▶ [Exercise requirements]:
When a line below contains the word "relationship", it counts toward the total; give that total and nothing besides.

(Collection entries)
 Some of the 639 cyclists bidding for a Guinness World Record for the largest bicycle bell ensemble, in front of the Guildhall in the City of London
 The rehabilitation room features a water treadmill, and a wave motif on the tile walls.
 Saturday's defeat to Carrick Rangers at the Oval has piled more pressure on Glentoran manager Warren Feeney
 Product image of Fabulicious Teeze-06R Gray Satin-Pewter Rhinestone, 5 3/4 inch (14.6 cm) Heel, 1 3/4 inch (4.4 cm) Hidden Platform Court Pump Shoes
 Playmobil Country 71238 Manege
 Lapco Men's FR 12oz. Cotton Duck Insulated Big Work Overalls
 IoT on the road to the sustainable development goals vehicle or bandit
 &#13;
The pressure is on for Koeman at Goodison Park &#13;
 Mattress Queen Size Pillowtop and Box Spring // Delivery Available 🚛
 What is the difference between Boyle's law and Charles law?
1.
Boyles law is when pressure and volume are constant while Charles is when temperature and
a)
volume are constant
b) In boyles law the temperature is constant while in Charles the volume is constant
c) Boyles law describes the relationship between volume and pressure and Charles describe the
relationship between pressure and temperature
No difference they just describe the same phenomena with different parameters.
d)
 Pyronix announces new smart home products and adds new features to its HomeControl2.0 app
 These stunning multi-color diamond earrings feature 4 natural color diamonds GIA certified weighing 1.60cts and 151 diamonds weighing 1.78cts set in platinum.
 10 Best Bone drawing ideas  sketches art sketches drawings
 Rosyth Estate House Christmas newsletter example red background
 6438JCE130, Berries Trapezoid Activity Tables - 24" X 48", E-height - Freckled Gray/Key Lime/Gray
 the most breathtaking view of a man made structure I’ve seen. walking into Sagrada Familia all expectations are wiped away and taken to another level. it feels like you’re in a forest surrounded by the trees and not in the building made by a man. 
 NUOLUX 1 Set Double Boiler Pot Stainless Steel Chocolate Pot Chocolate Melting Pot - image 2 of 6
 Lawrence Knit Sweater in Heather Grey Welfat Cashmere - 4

▶ [Exercise answer]:
2